At first, this plot turn might appear to amplify the stakes for Diana and Sandy, to make their ensuing road trip to Colorado that much more urgent and speedy and anxious, you know, because they know someone is coming after them with weapons. But it doesn’t. Instead, the insertion of Julian and Marisol into Sandy and Diana’s plot serves a more specific and more insidious purpose, that is, to make her pathology — which is plain to see and also articulated in case you miss what’s in front of you — less menacing.

It’s an old narrative trick, of course, to smooth the edges of an outlaw or otherwise distasteful character by setting her against someone who’s worse, more repellent, more villainous. And so, Julian and Marisol are offered up as the bad bad guys, slick, arrogant, and — again, not to put too fine a point on it — racially stereotypical. In pursuit of info on their prey’s whereabouts, the killers pose as homebuyers in Georgia, whereupon they’re informed by the realtor, Big Chuck (Eric Stonestreet), that they’re not actually welcome in his community, which expressly excludes foreigners, homosexuals, and blacks. “What that means?” asks Marisol, for whom English is a second language (she pronounces LoJack as LoYack). No surprise, Julian’s next move is to slam Big Chuck’s head into his desk (while also extracting the info he wants), in a move that’s both welcome (he punishes the smug racist) and unnerving (he embodies a reason for Big Chuck’s fear).

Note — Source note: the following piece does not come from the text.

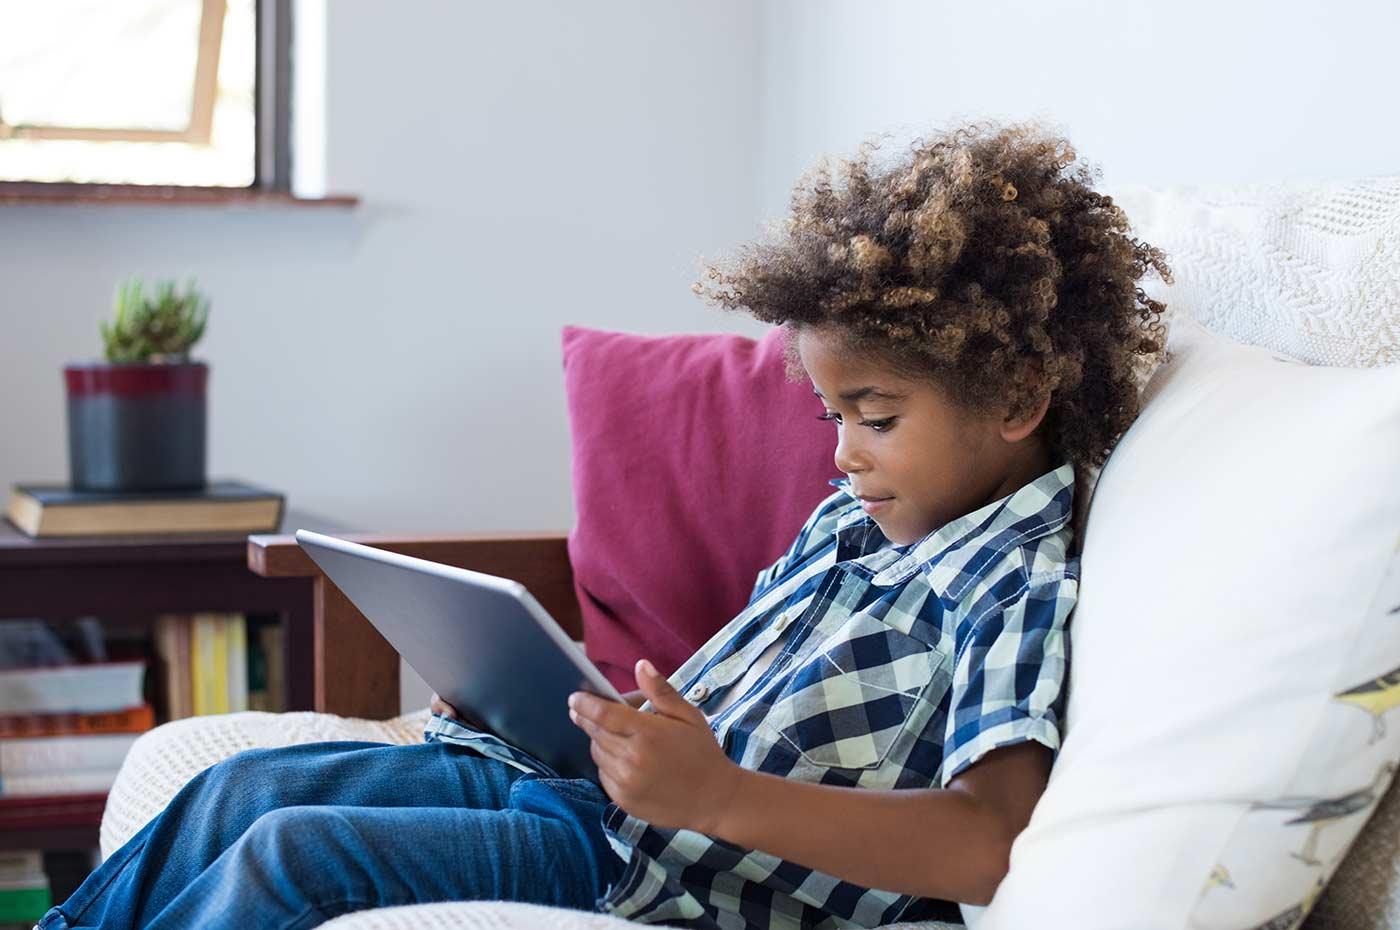 Little boy on a tablet

While the scene is brief and mostly irrelevant to Diana and Sandy’s story, it serves its key purpose, to reframe Diana’s bad behavior so that she’s redeemable. It’s a strategy repeated elsewhere in the film, because you can never get enough reframing for a large white lady prone to compulsive lying, belting Kelis’ “Milkshake,” projectile vomiting, and punching nice white guys in the throat. Still, it’s a strategy that wears thin after about a minute, which means you have 110 more to endure. That would be 110 minutes featuring a car chase, a snake up the pants leg, a mall makeover, and more than one assault by a rednecky skip-tracer (Robert Patrick).

Diana does not go easily, of course, and so Sandy’s nice-guyness plays a key role in her eventual teary confession: she’s been in foster homes, she’s insecure, she wants what Sandy has. “You’re breaking the rules,” he laments, “Society can’t function without values.” That would be the “society” that doesn’t reward his own hard cubicle-work or his super-supportive wife’s (Amanda Peet) hard homemaking work or their joint awesome parenting of a pair of awesome little girls (Mary-Charles Jones and Maggie Elizabeth Jones). That would also be the “society” that does reward Big Chuck’s racism or the profiteering practiced by Sandy’s odious Ayn Rand fan of a boss (Jon Favreau), that allows Julian’s employer to function effectively by phone from prison, and also provides all kinds of apparently easy ways for Diana to steal identities and go to spas and drink herself sick in bars featuring neon and chandeliers (thus illustrating someone’s casual observation that Winter Park is “hell on earth”).

But for all this evidence that Diana’s worldview is correct, that breaking rules is in fact the rule, Identity Thief is, at base, a most conventional film, determined to suck Diana back inside a traditional values sort of context. And in this it’s like all those other supposedly transgressive comedies, like Bridesmaids (its most obvious immediate antecedent) or Horrible Bosses (also directed by Seth Gordon) or the many, many bad-behavior/gross-out movies starring Seth Rogen or Paul Rudd. No matter the pretense of defiance or rebellion, the moral is always the same: follow the rules.